祝福
「いらっしゃい皆。待ってたよ」
「待っていたのは橘だけじゃないのかね?」
「なっ!?」
「ええっ!?わ、私、ちゃんと皆の事待ってたよ!」
「ふっ、どうだか」
「でもムキになってるとこを見ると図星かも…」
「二人ともそれぐらいにしときなさい。悪ふざけが過ぎるわよ」
「そ、そうだな。すまないな七海さん」
「ごめんね、七海ちゃん」
「ううん、いいよ。気にしてないから」
 謝る二人に笑顔で答える。少し前はそんな光景が夢としか言えない状況だっただけに、慎吾に顔に自然と笑みが浮かぶ。
「ほら、皆早く入らないと体冷えちゃうよ」
 NANAに促され皆が家の中に入っていく。
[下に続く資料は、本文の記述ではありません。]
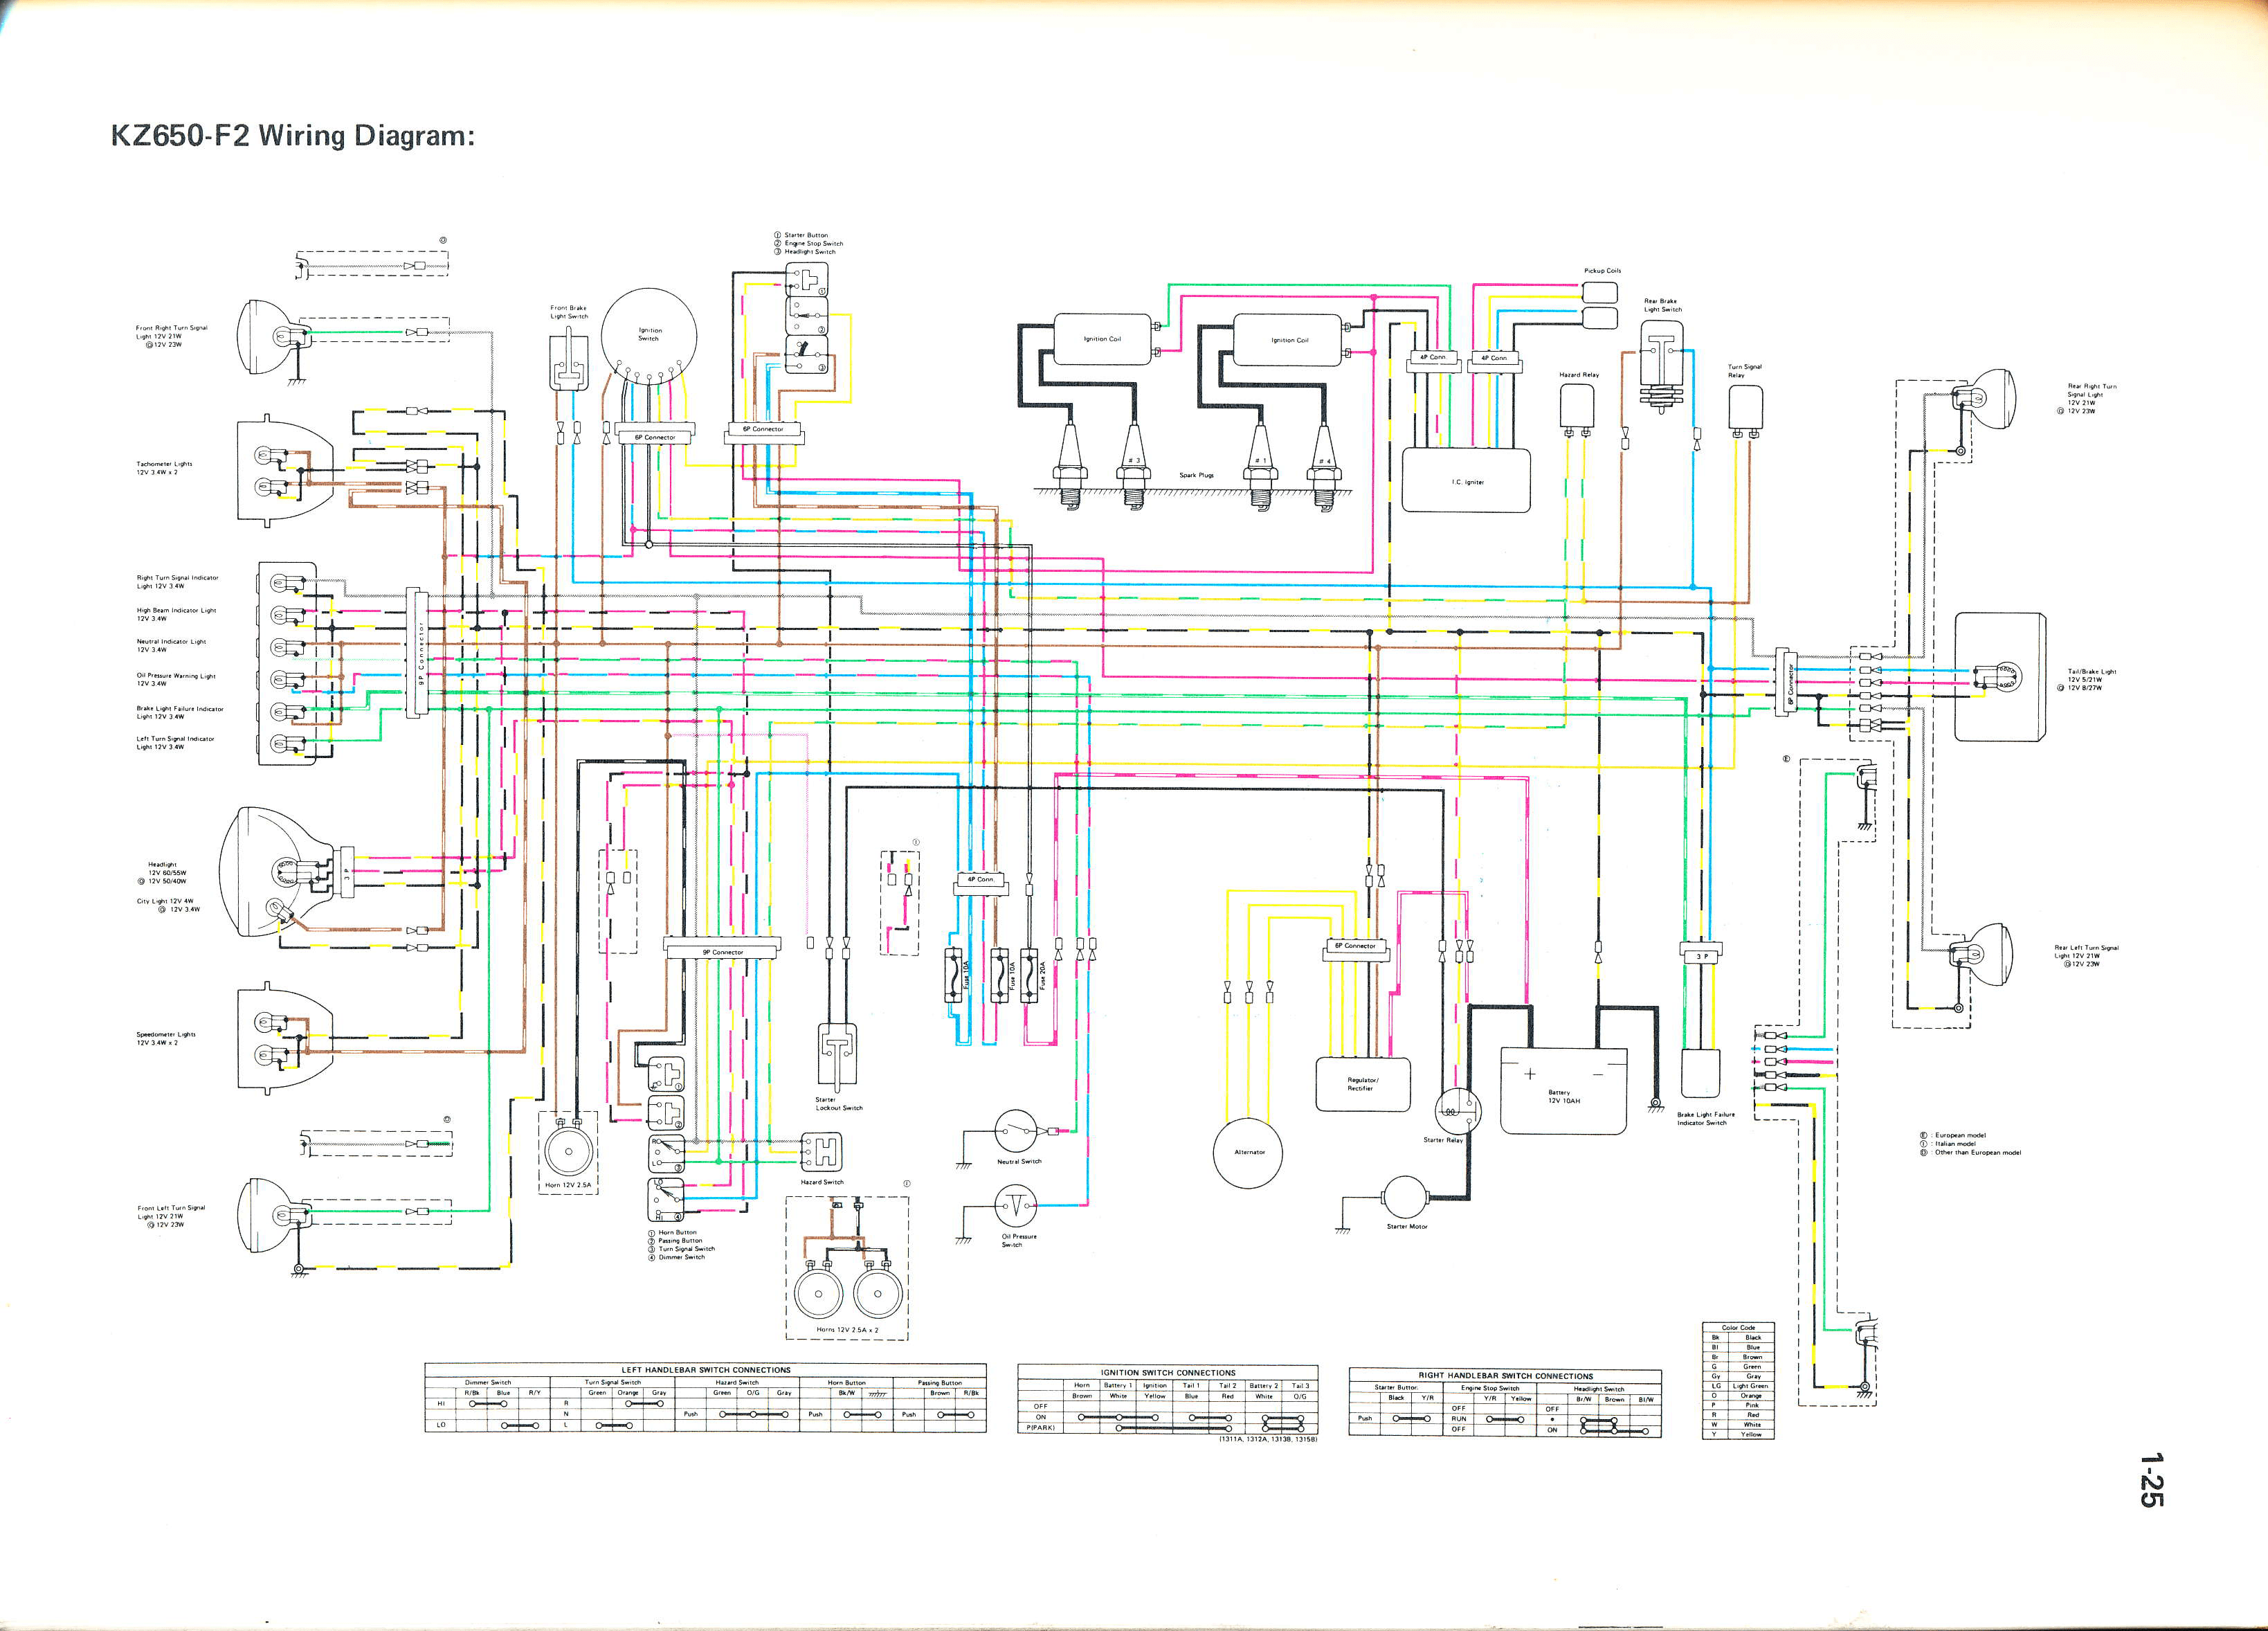 ge_4411] 2002 foreman 500 wiring diagram  xtern cali rious over wigeg mohammedshrine librar wiring 101

そんな中NANAが慎吾を引き止める。
「どうした?」
「一緒に入らない?」
「ああ、いいぞ」
 ぱっと顔を輝かせ、慎吾の腕を取って家の中へ入っていく。
「ところでその服…」
「なに?もしかして変…」
「いや、そうじゃなくて、よく似合ってるって思ってさ」
「ホント!」
 NANAが着ている服は水族館デートに負けず劣らずのフリルが付いた服だが、慎吾の言葉どおり違和感どころか
 普段着といっても通用しそうなほどに似合っていた。
 一方NANAはよく似合ってると言われ、今にもスキップしそうなほど喜んでいた。
「それにしても悪かったな。姉貴どころかマークまで付いて来て…」
「私は気にしてないよ。もちろん七瀬も気にしてないはずだよ」
「そっか。そりゃよかった」
 連絡も無しに人が増えた事に気分を害していない事を知ると、ほっとする。
 普段はいぢわるをしたりするが、本当に気を悪くなどさせたくないのである。